**WHAT IS REQUIRED:**
Reproduce the entire listing exactly. Leave the pictures out.

**COLLECTED MATERIAL:**
((

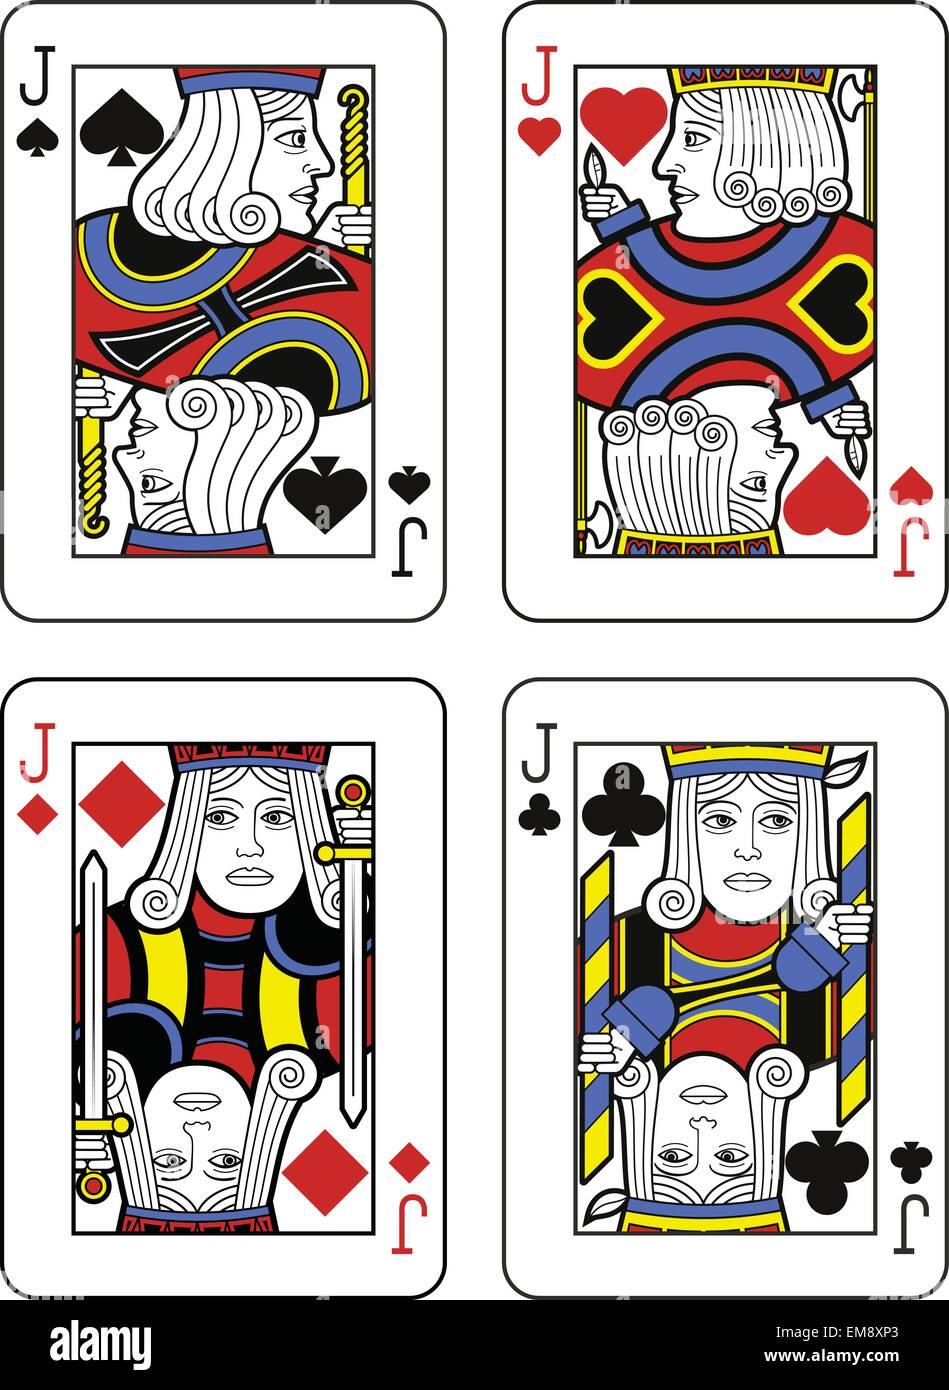 Quatre valets. Design original Photo Stock
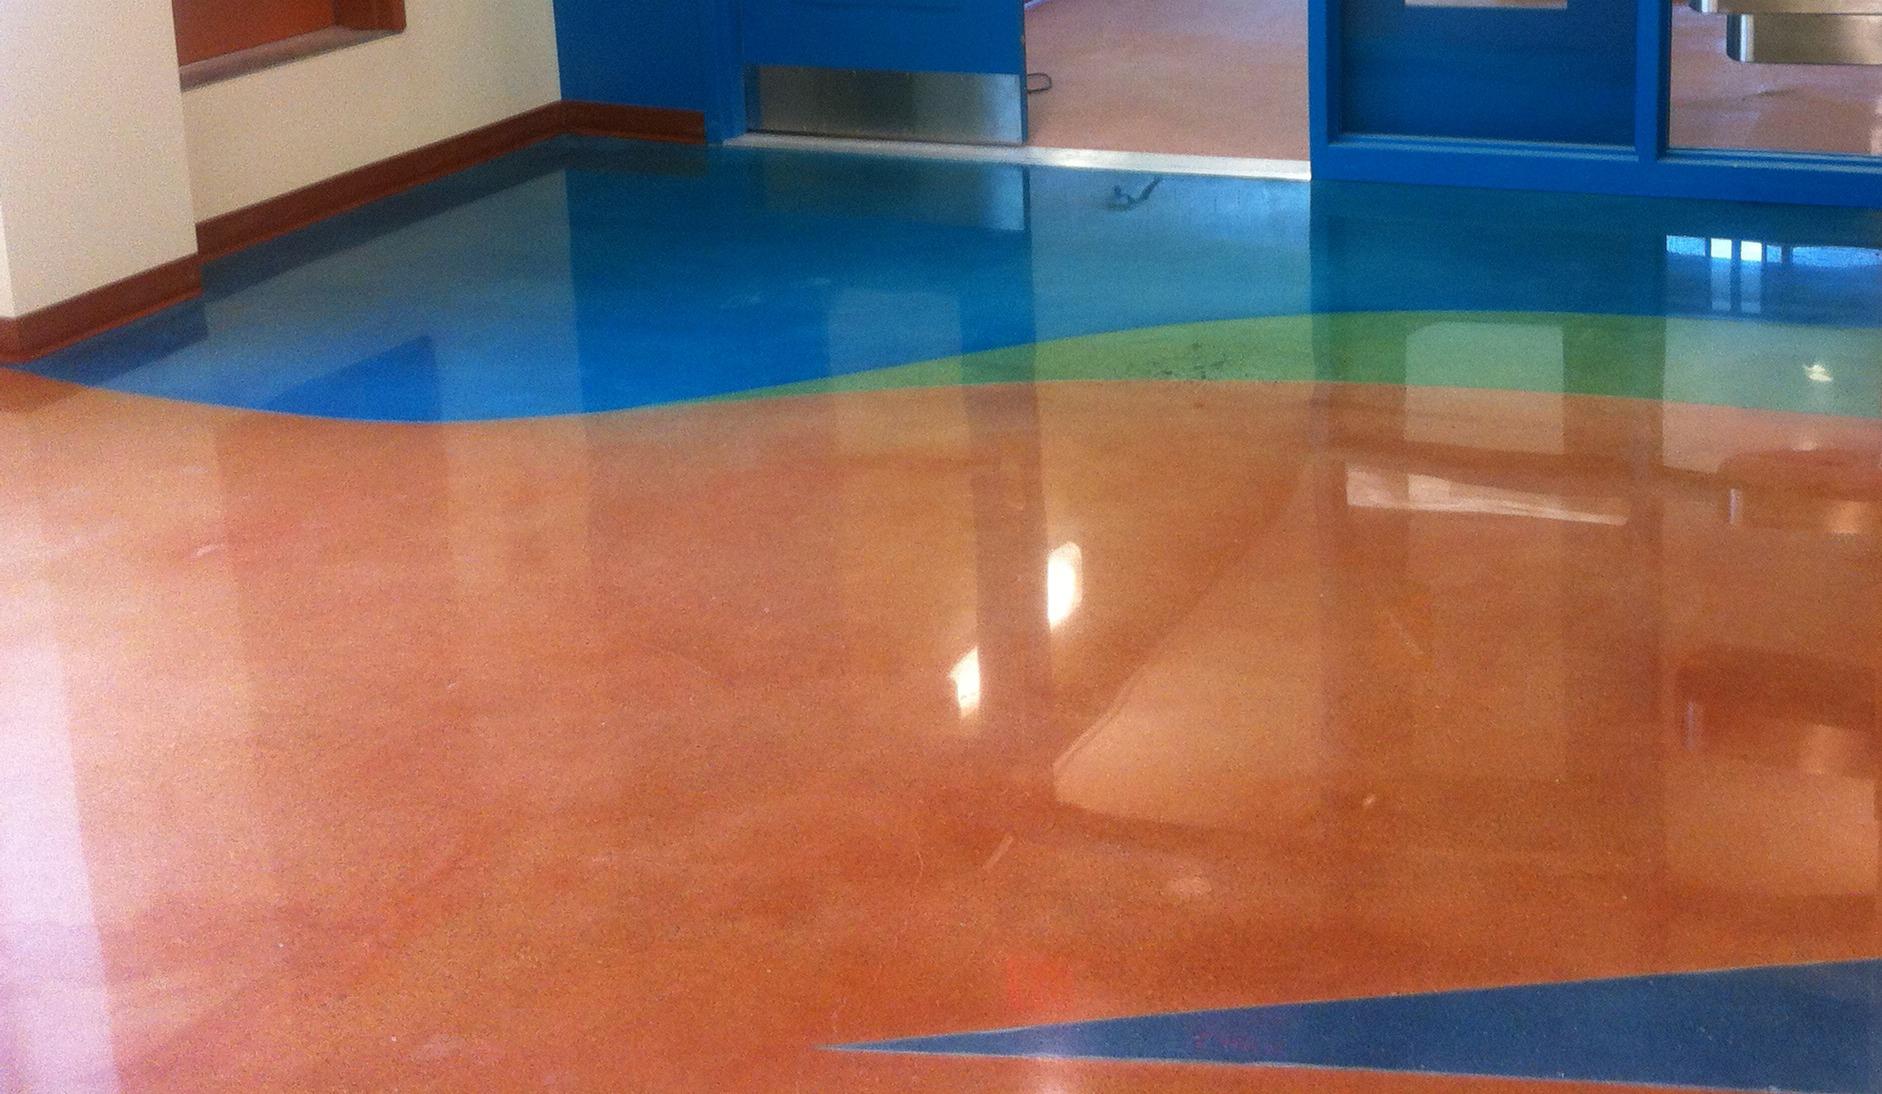 Elementary School Entry Floors
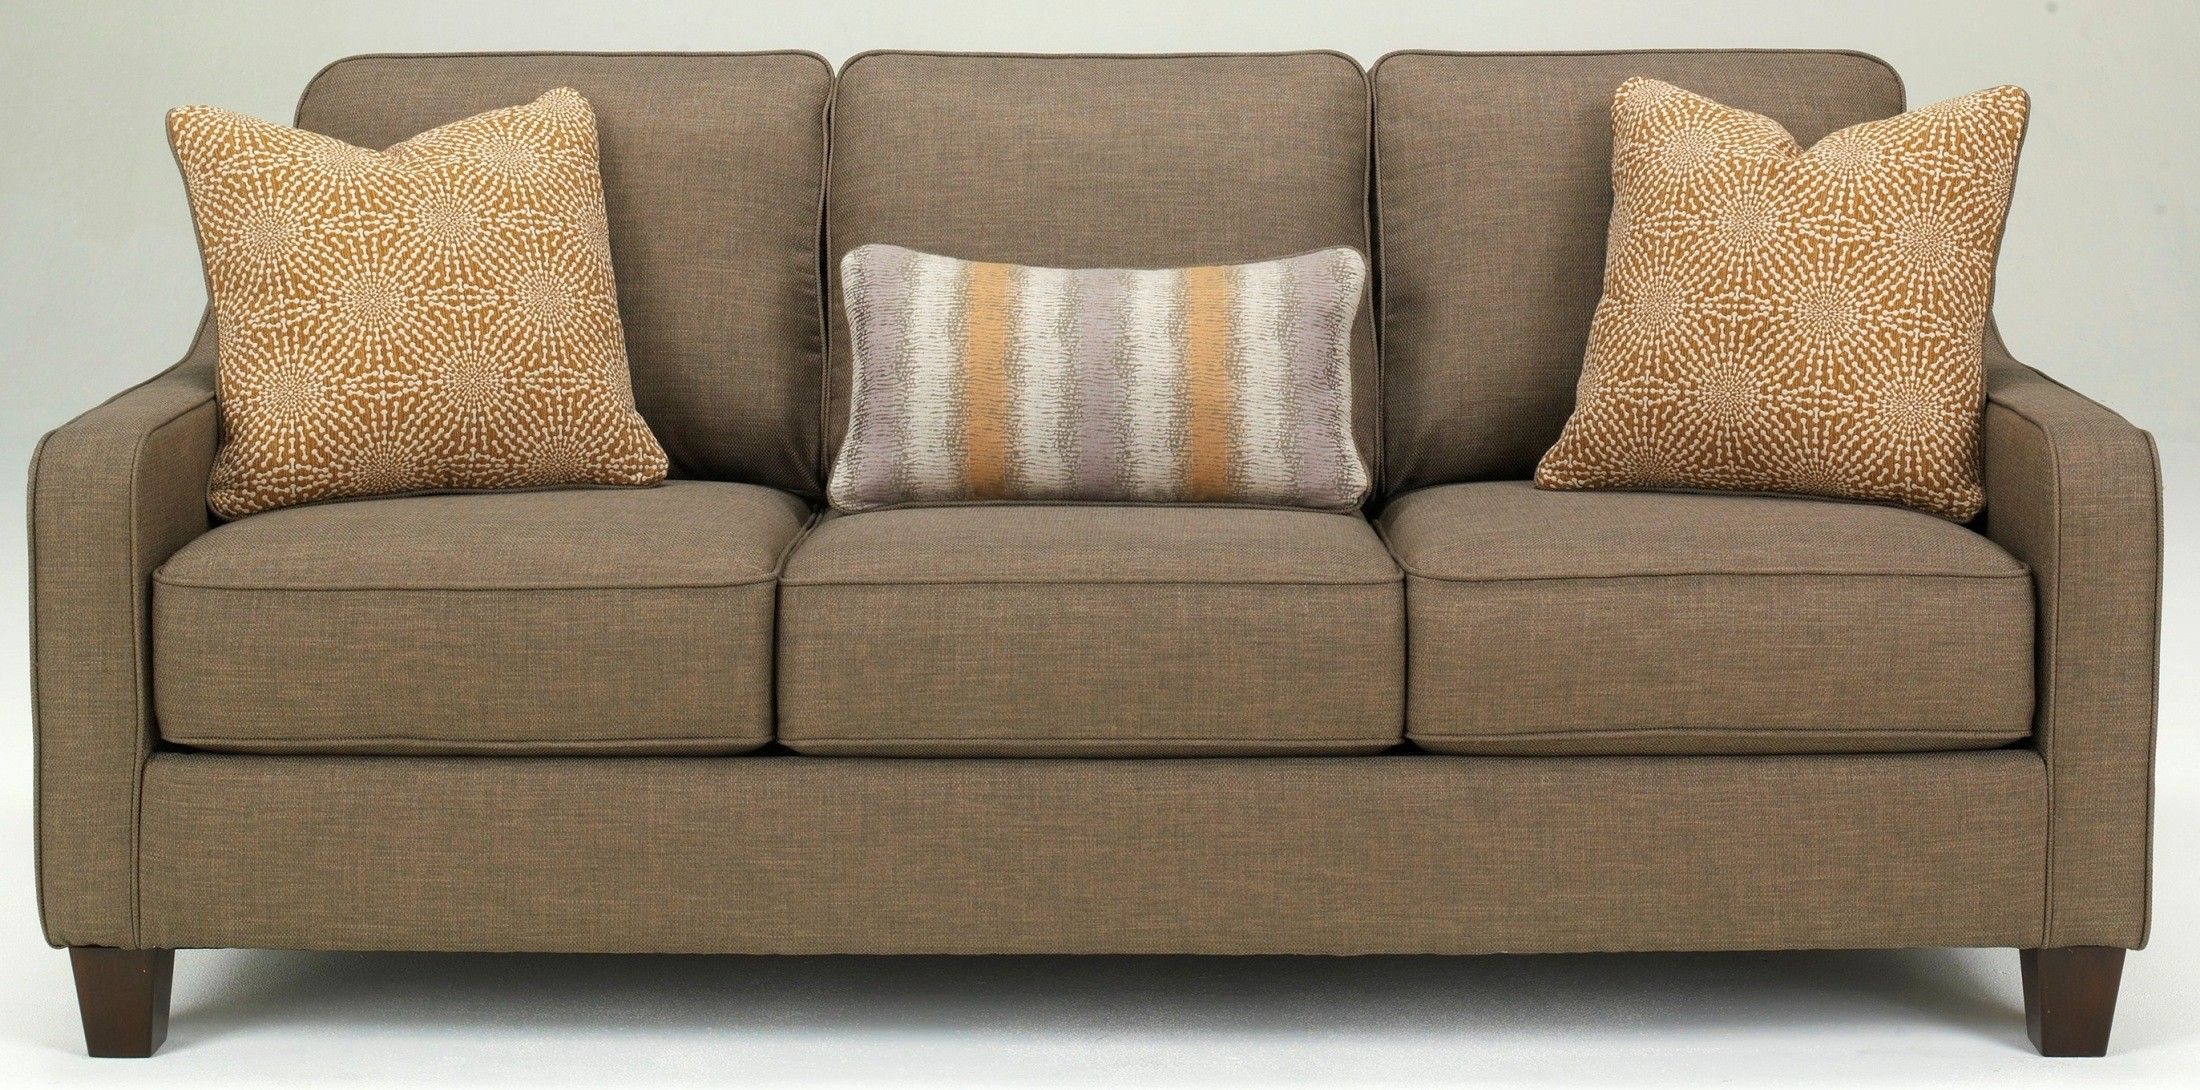 mena granite queen sofa sleeper home decor sleeper sofas on rh pinterest com

))

**SOLUTION TO THIS PROBLEM:**
 Quatre valets. Design original Photo Stock
 Elementary School Entry Floors
 mena granite queen sofa sleeper home decor sleeper sofas on rh pinterest com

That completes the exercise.